As Jesse says, we invented our own abstractions and named them. Futurecam has features like long exposure that take a photo, but they internally take multiple photos and combine them using our algorithms. I came up with the term “frame” to refer to these intermediate photos, and “photo” to refer to the final photo that gets saved to the photo gallery.
Third, with Futurecam, I also faced the problem of both computers on one hand and users on the other being extremely picky, and entrepreneurs getting stuck in between.

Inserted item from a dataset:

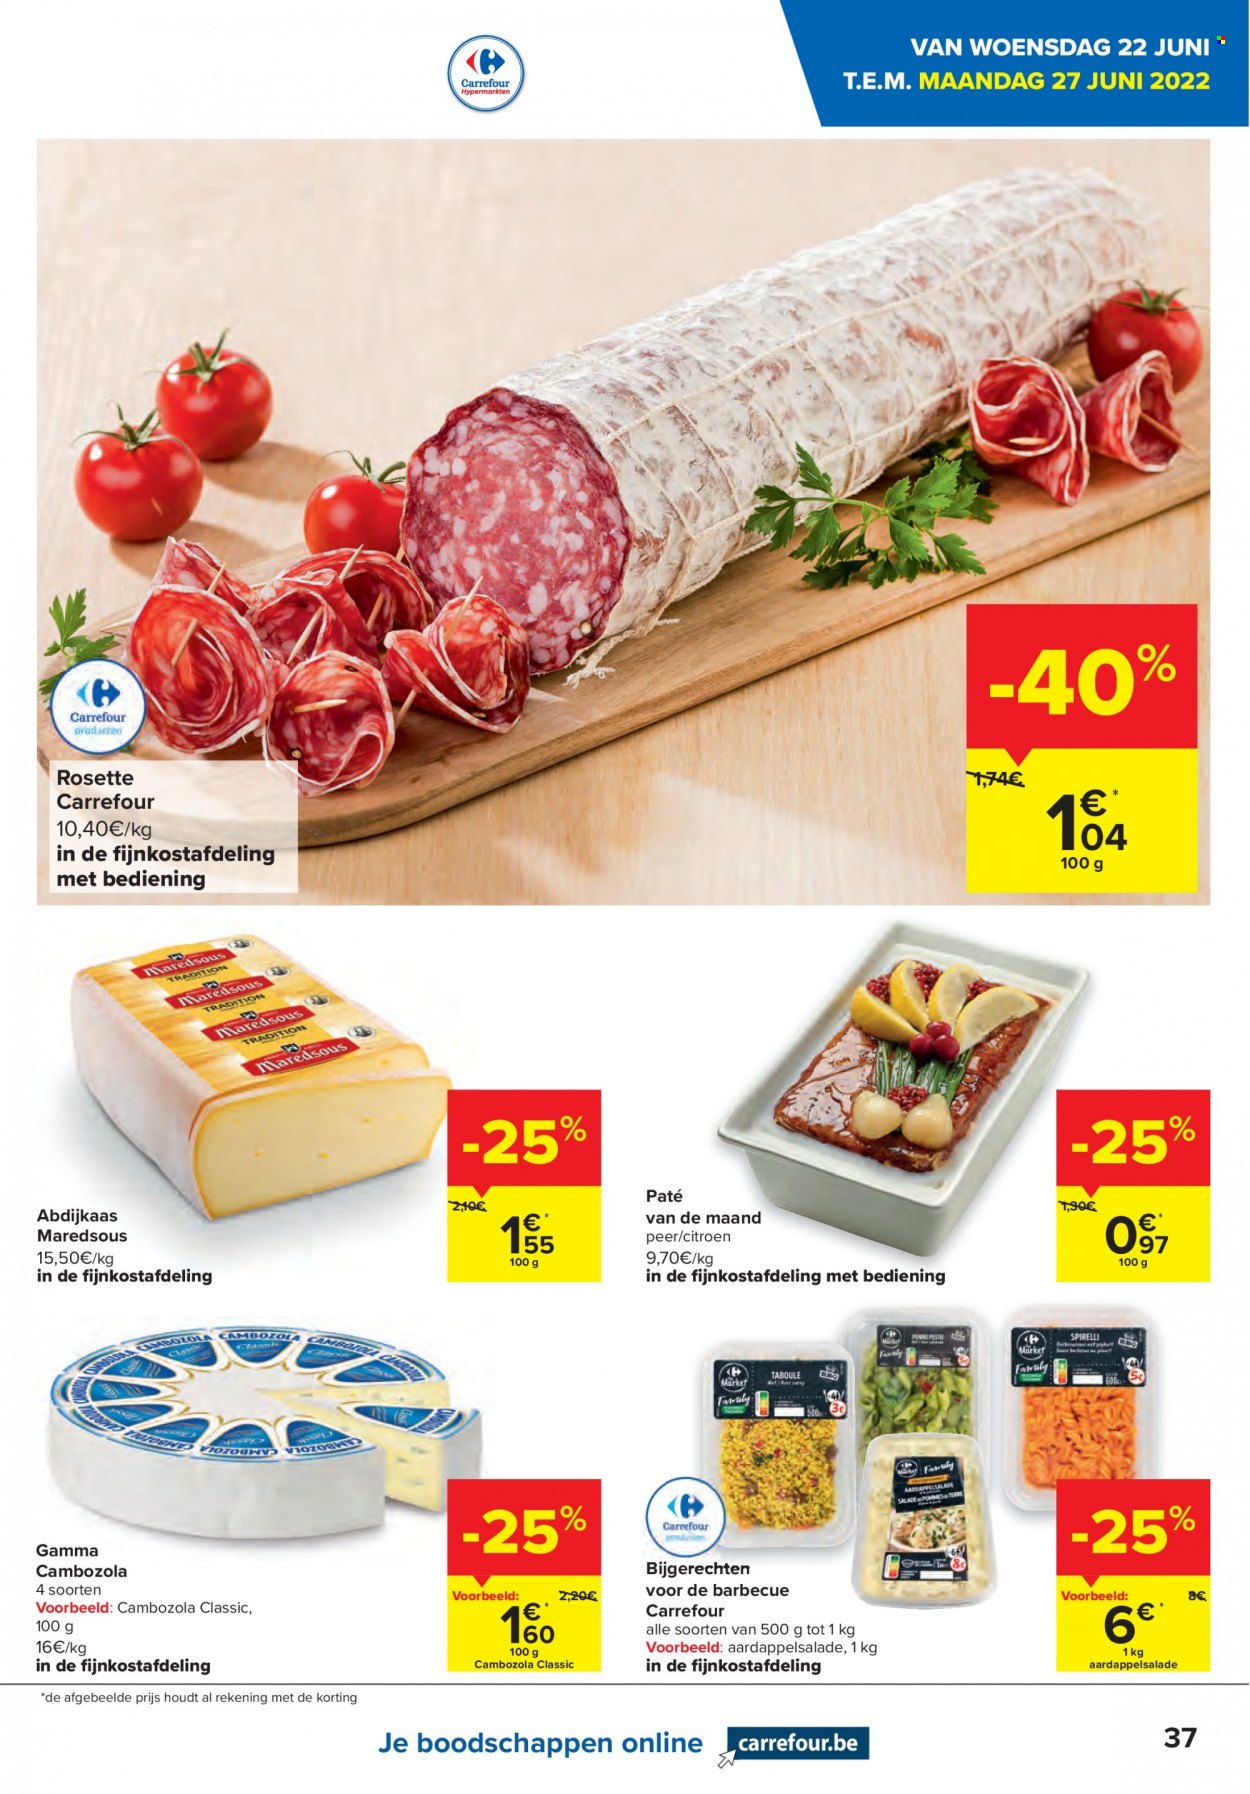 thumbnail - Carrefour hypermarkt-aanbieding - 22/06/2022 - 04/07/2022 -  producten in de aanbieding - Gamma, citroen, peer, paté, penne, BBQ. Pagina 37.

Fourth, I also agree with Jesse that different functions in a team can’t be separated out to the extent where engineers can say “I don’t need to think about X; there’s a person with that job title in the team”:
Fifth, I agree with Jesse that the main return on investment for a company spending years and millions of dollars is a team with deep context into the domain. I’ve seen some businesspeople not understand this asset and lament that they didn’t get much in return. The return is not feature delivery, or productivity, or a big user base — these are just outcomes of the deep context.
Sixth, while deep context makes a 10x difference to companies, it doesn’t mean that you as an individual will be rewarded for it. I was talking to an engineer who invested years in the domain his company works in. As a result, he acquired deep context, but his company did not value that — they viewed him as disposable. This put him at a disadvantage compared to other engineers who invested in learning engineering skills as generalists, and were viewed as better engineers than him.
This is the opportunity cost of acquiring deep context. You’re giving up other opportunities for skill development as a generalist: you could learn to build intuitive apps. Or scale systems. Or develop soft skills like how to contradict people in such a way that it doesn’t become an argument. Deep context also closes down your options: if you’re an travel expert, you have to work in travel whether you like it or not. What if the sector faces a shock like Covid? Or a long-term downturn? I was talking to one person who felt stuck. Another who abandoned his domain after acquiring deep context, throwing away all his knowledge and starting over. So acquiring deep context has both pros and cons.
If you’re curious about what I do, here’s my consulting website.
[1] This was partly because of financial constraints forcing me to go slow, but even given infinite money, I would not be able to do it in a single year.
[2] The only way to get customers to use such shoddy products is to bribe them, by giving it away below cost, like BigBasket’s free 30-minute delivery.